4.10. In Silico Structural Analyses
The structural analyses were performed based on a modeled complex of VEEV nsP2 protease and LQEAGA↓GSVETP substrate [5
]; the coordinate file was kindly provided by Patricia M. Legler (Center for Bio/molecular Science and Engineering, U.S. Naval Research Laboratory).
The sequence of the original model and the experimentally examined protein was aligned with Clustal Omega [40
]. Both the model protein and substrate found in the crystal structure were mutated to reproduce the in vitro structures, by applying the FoldX software [41
]. To the N-termini of both molecules, an N-acetyl group was connected, while a methylamide group was added to the C-termini. The protonation states were attributed by the Chimera software [42
], the active site contained a deprotonated cysteine and a protonated histidine residue. Prior to the simulations, the systems were immersed in water. For the simulations, the Amber16 software [43
] was used. The protein and the substrate were parametrized by the FF14SB force field [44
], and the surrounding water molecules were described by the TIP3P model [45
]. For the simulations, the system was first minimized via the steepest descent method for 5000 steps, followed by the conjugate gradient method for a further 5000 steps. The system was gradually heated to 300 K during a 2-ns-long simulation, and equilibrated for 2 ns at 300 K, applying 1-fs timesteps. For temperature regulation, the Langevin dynamics method was used. For bonds involving hydrogen atoms, SHAKE was performed. The system was further heated to 400 K during a 0.5-ns-long simulation, and equilibrated for 0.5 ns at 400 K. A simulated annealing cycle was applied to the system, cooling it to 5 K during a 1-ns-long simulation, followed by heating to 400 K during 0.5 ns, and equilibrating at that temperature for 0.5 ns, under NPT conditions. The cycle was repeated two times, heating the system to 300 K in the second cycle. A further 0.5-ns-long equilibration was run at 300 K. During the simulations, harmonic restraints of 50 kcal mol−1
were applied between the sulfur atom of the catalytic cysteine and the substrate carbonyl oxygen of the Ala residue at the cleavage site, and also between the donor nitrogen atom of the catalytic histidine and the backbone nitrogen of the Gly residue at the cleavage site. Convergence during the last equilibration simulation was monitored with RMSD calculations, performed by the cpptraj [46
] program of Amber16, with the average of coordinates over the equilibration trajectory used as reference.

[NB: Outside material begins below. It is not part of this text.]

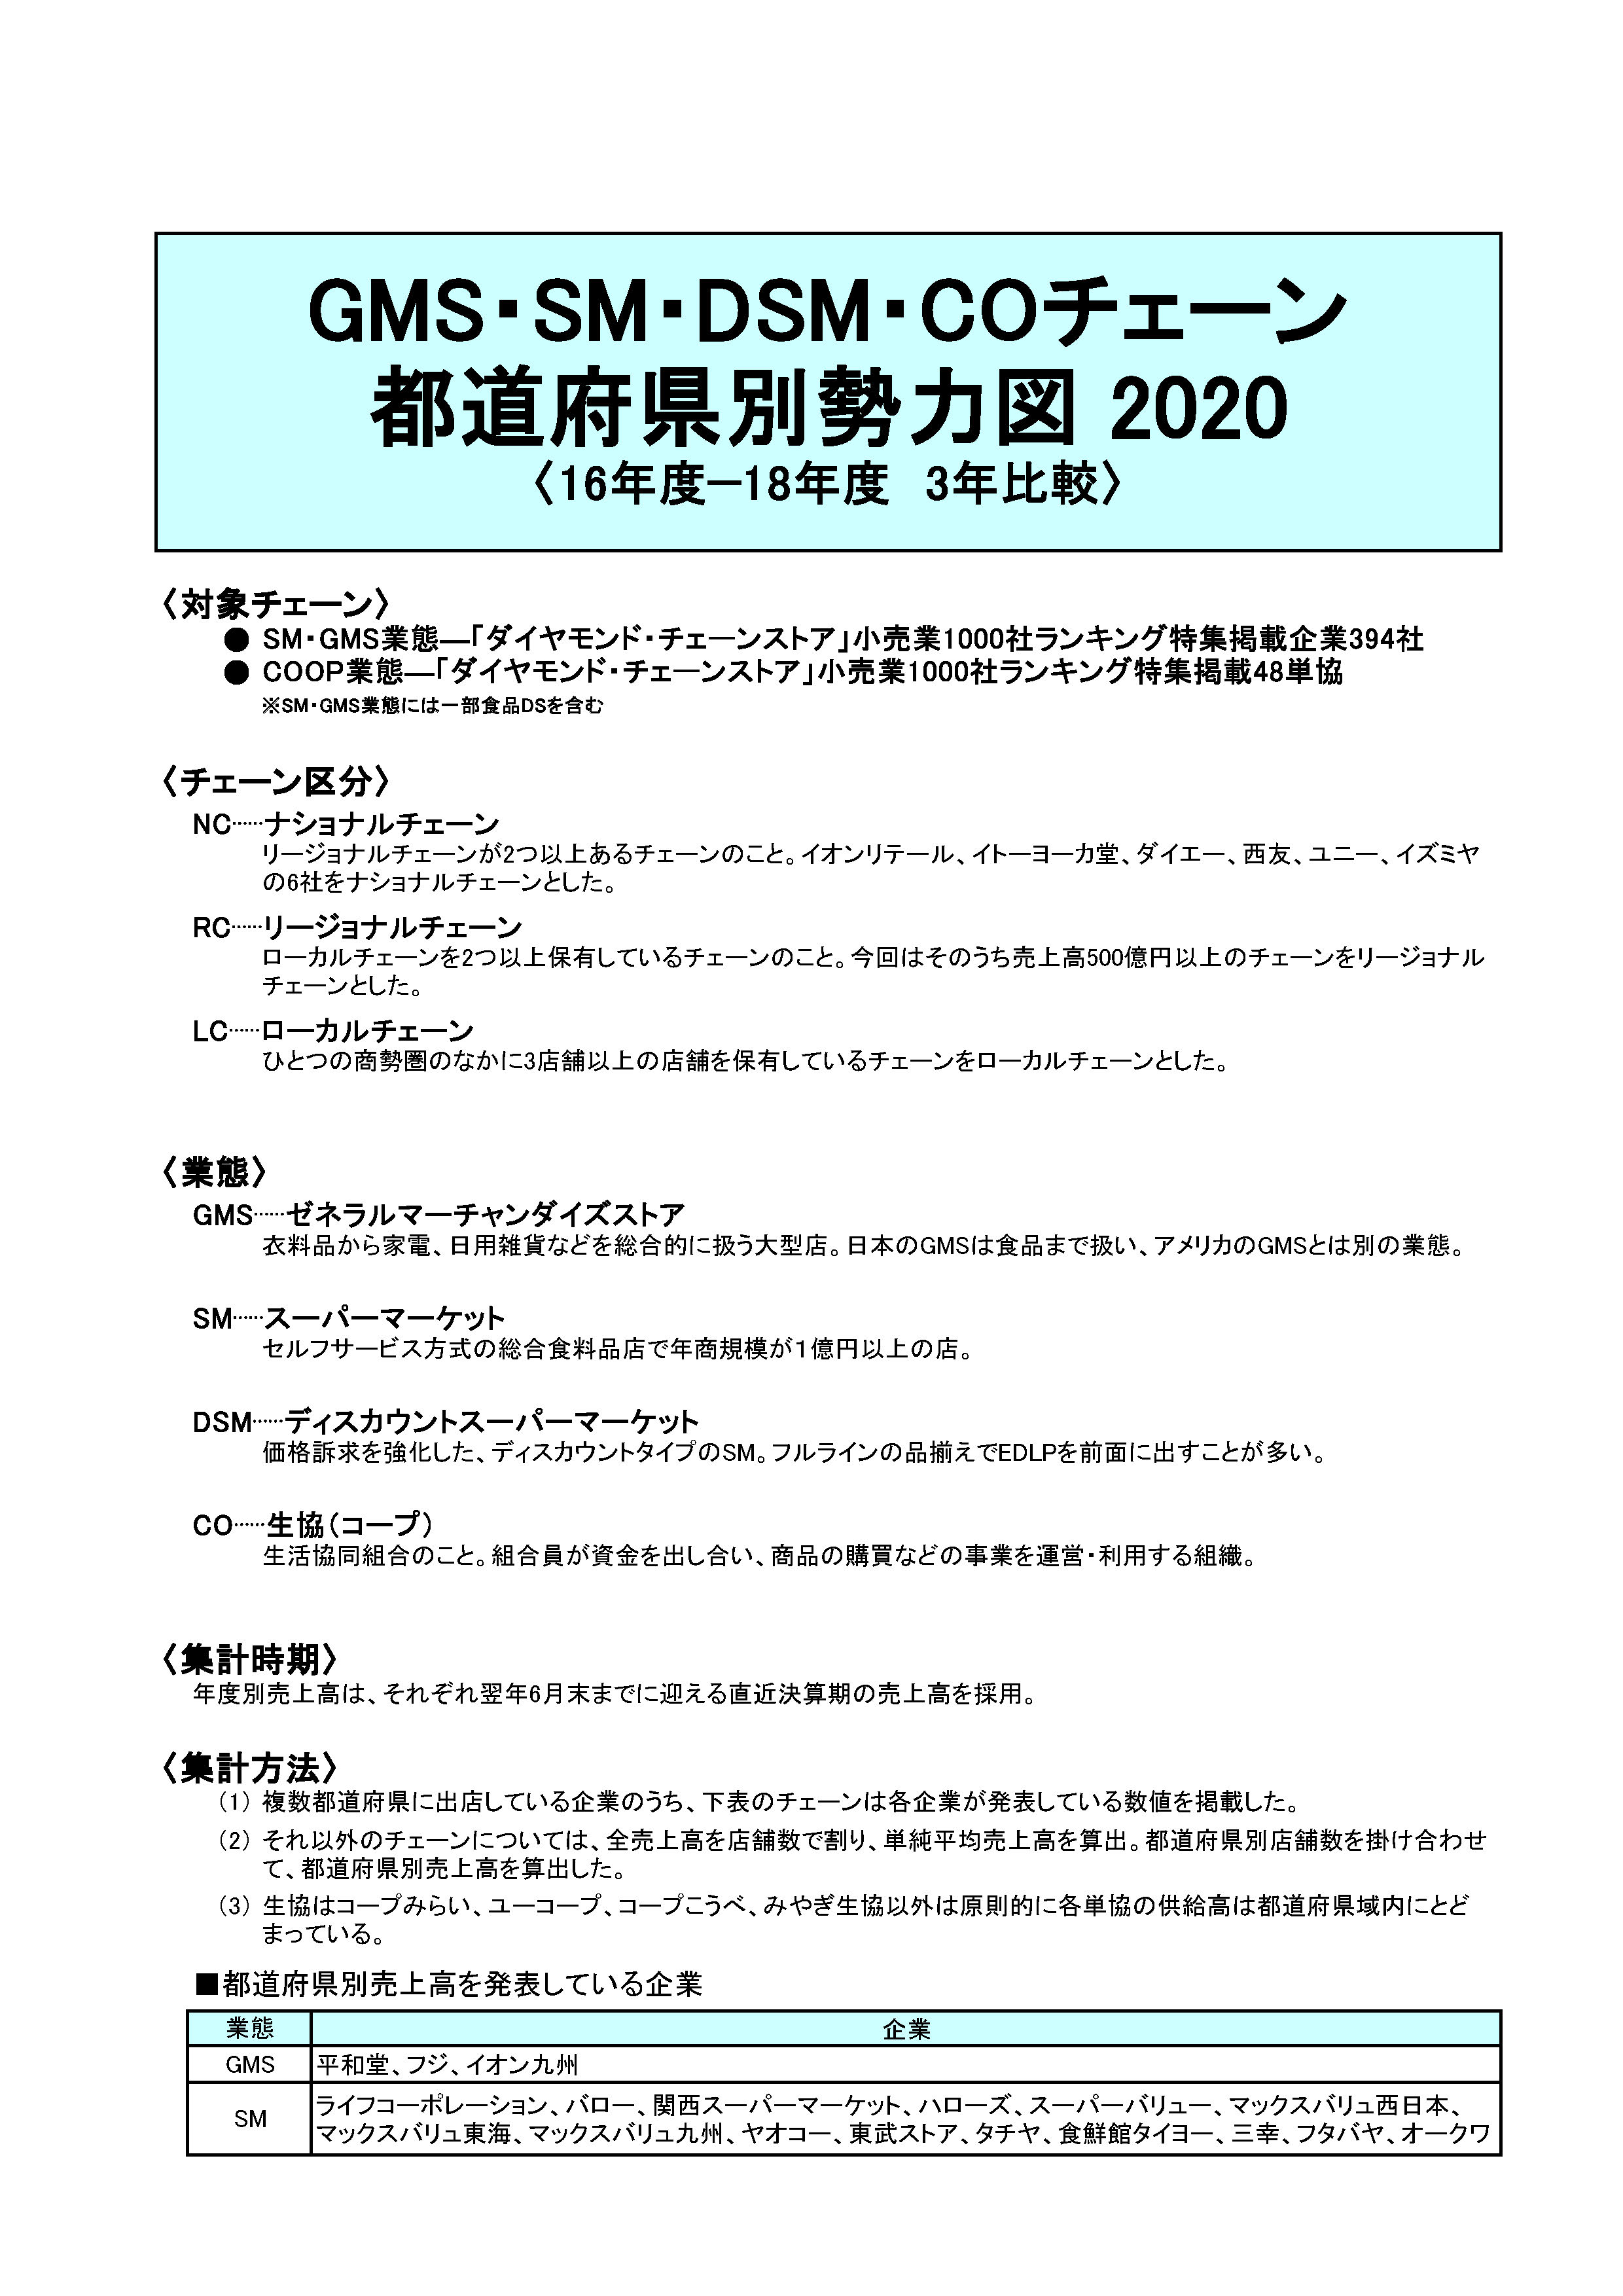 SM・GMSチェーン都道府県別勢力図 2020【Excel形式】

DynaMut web server was applied to prepare mutant complexes and predict energy changes upon point mutations of substrate residues, the ≥0 kcal/mol change in folding free energy (ΔΔG) was considered to be stabilizing, while ΔΔG < 0 was viewed as destabilizing [47
]. Hydropathy plots were prepared for the cleavage site sequences (P5–P5′) using the ProtScale module of ExPASy web server (https://web.expasy.org/protscale
], setting a 3-residue window for calculation and using the Kyte and Doolittle hydropathicity scale [48
]. Residue volumes were retrieved from the literature [49
]. LigPlot+_v2.1 program was used for 2D visualization of interaction [50
]. Structural figures were prepared by using PyMOL Molecular Graphics System (Version 1.3 Schrödinger, LLC).